Carbon disulfide is prepared by heating sulfur and charcoal. The chemical equation is S2 +C =CS2
Kc= 9.40 at 900k
How many grams of CS2(g) can be prepared by heating 14.3 moles of S2(g) with excess carbon in a 8.55 L reaction vessel held at 900 K until equilibrium is attained?
.022
............S2(g) + C(s) ==> CS2(g)
I..........1.67.....--.......0
C...........-x.......--......x
E.........1.67-x....--.......x
Note: (S2) = 14.3mols/8.55L = 1.6725 M.
Kc = 9.40 = (CS2)/(S2)
Substitute the equilibrium line into Kc expression and solve for x = (CS2) in mols/L.
x mols/L x 8.55 L = mols CS2
g CS2 = mols x molar mass.
Oh, chemistry, you sneaky little science! Let's get down to business and solve this riddle.
First things first, we need to find the number of moles of CS2 that can be prepared. To do this, we need to use the balanced equation: S2 + C = CS2.
From the equation, we can see that the stoichiometric ratio between S2 and CS2 is 1:1. So, if we have 14.3 moles of S2, we can expect to form the same number of moles of CS2.
Now, to find the mass of CS2, we need to multiply the number of moles by its molar mass. The molar mass of CS2 is 76.13 g/mol.
So, the mass of CS2 can be calculated as follows:
Mass = Moles × Molar Mass
Mass of CS2 = 14.3 moles × 76.13 g/mol
I'll leave the math to you, my friend. Just remember, no clowning around when it comes to calculations!
To find the grams of CS2(g) that can be prepared, we first need to calculate the number of moles of CS2 using the given values and then convert it to grams.

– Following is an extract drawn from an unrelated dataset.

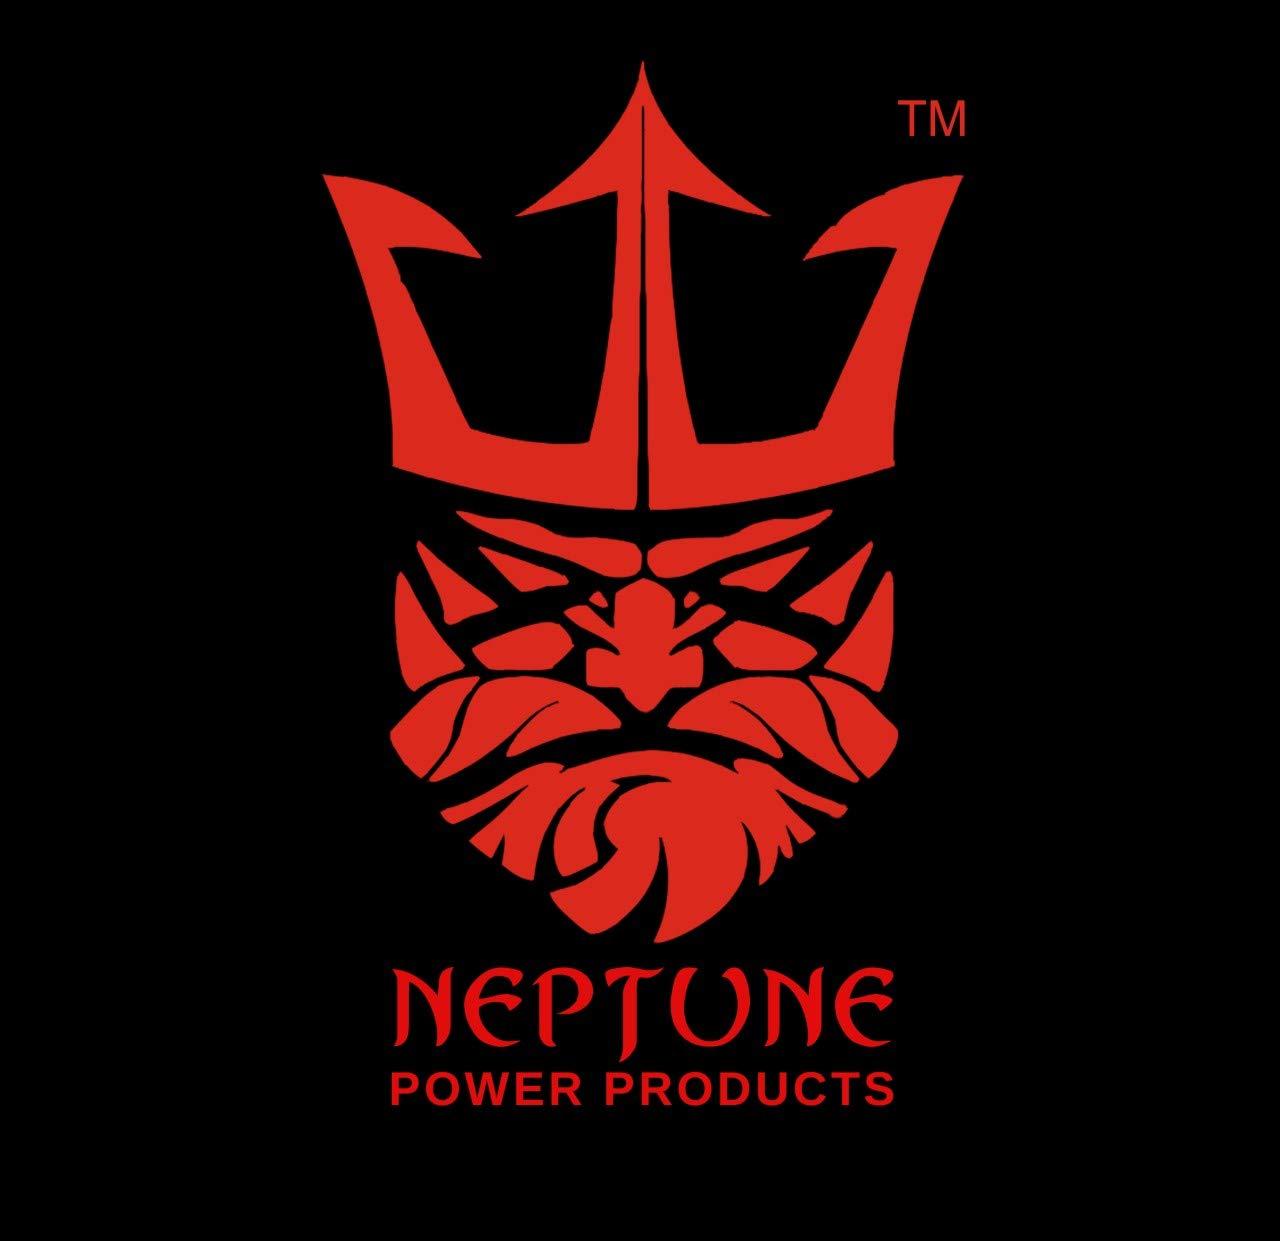 106-8397 Batería de repuesto para cortacésped Toro, Neptune ...

Step 1: Convert moles of S2 to moles of CS2
According to the balanced chemical equation, 1 mole of S2 reacts to produce 1 mole of CS2.

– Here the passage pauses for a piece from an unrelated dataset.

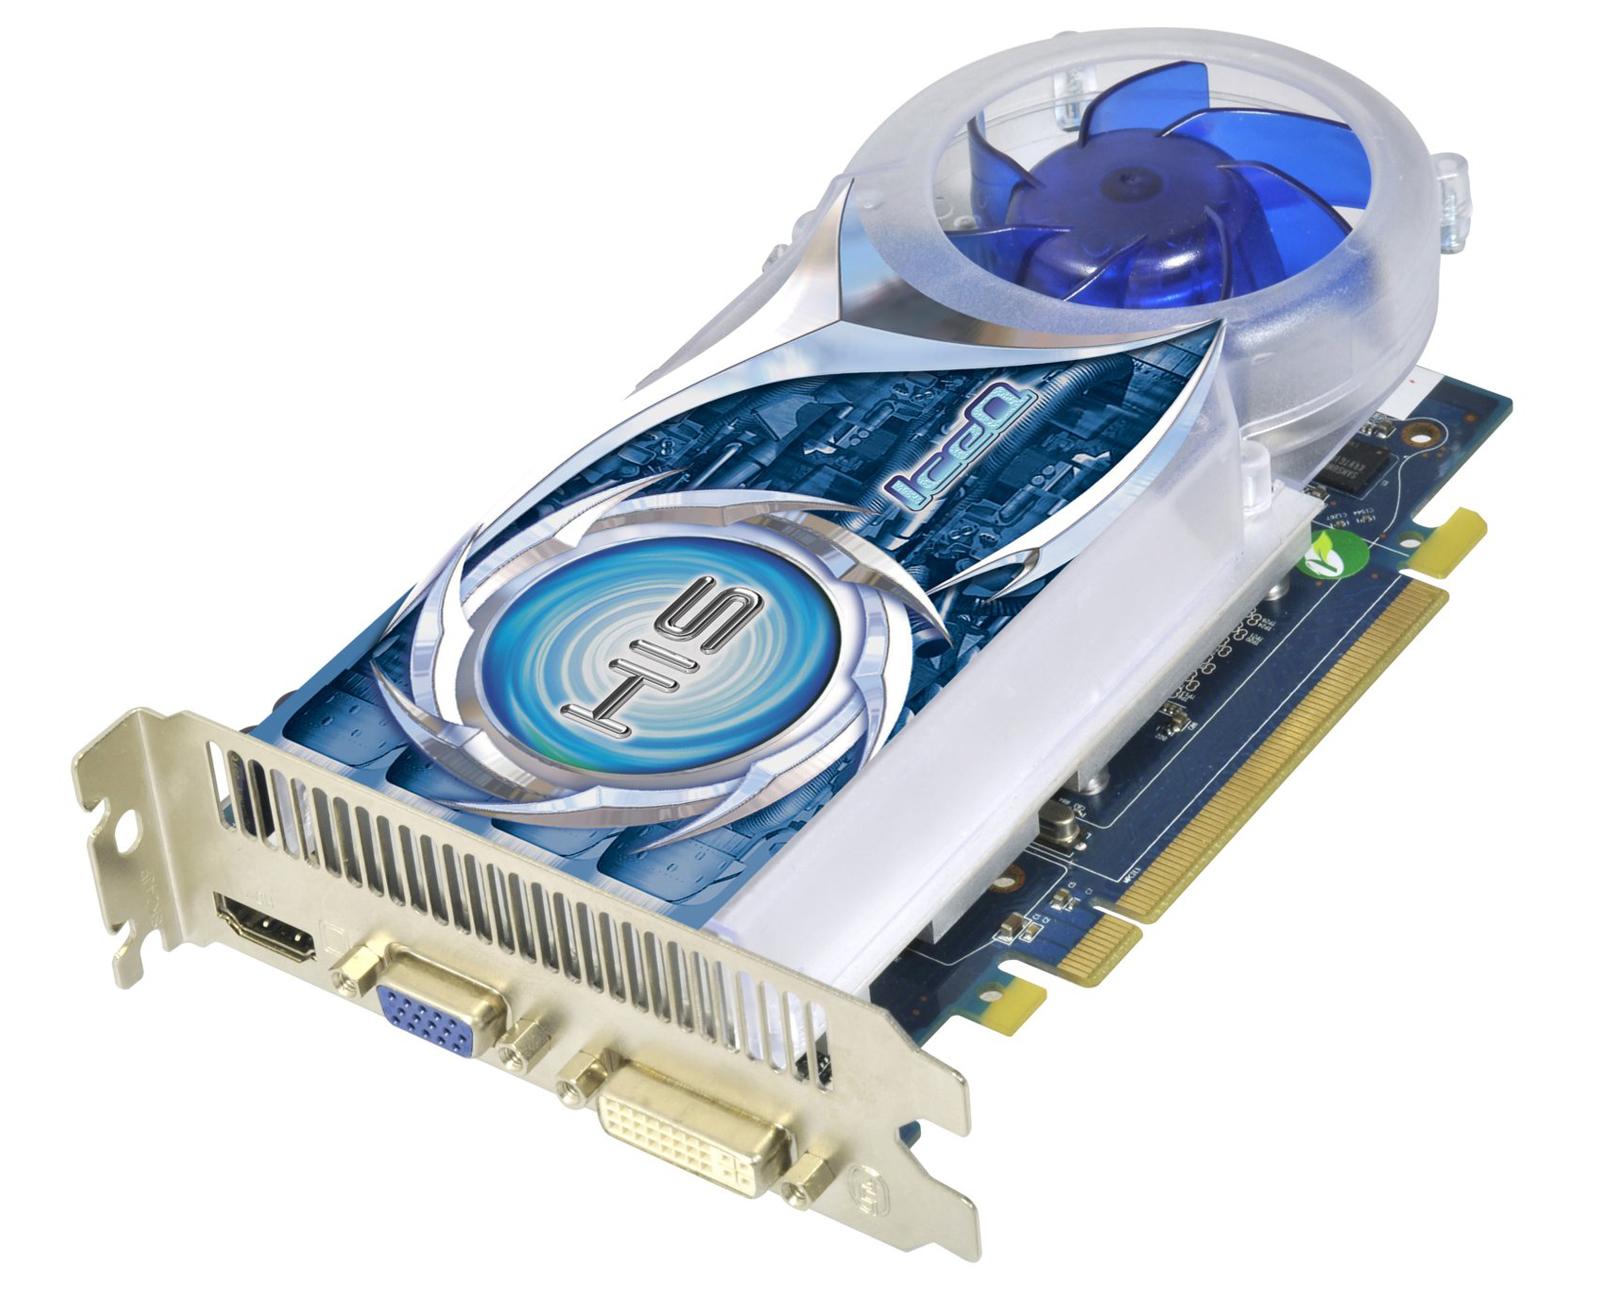 Ati Radeon Hd 4600 Drivers Free Download

So, the number of moles of CS2 is also 14.3 moles.
Step 2: Convert moles of CS2 to grams of CS2
The molar mass of CS2 can be calculated by adding the atomic masses of carbon (C) and sulfur (S) in the molecule.
C = 12.01 g/mol
S = 32.07 g/mol
So, the molar mass of CS2 is:
Molar mass of CS2 = (12.01 g/mol + 32.07 g/mol) = 44.08 g/mol
To find the grams of CS2(g), we can multiply the number of moles of CS2 by its molar mass:
Grams of CS2(g) = 14.3 moles * 44.08 g/mol = 630.44 grams
Therefore, 630.44 grams of CS2(g) can be prepared by heating 14.3 moles of S2(g) with excess carbon in a 8.55 L reaction vessel held at 900 K until equilibrium is attained.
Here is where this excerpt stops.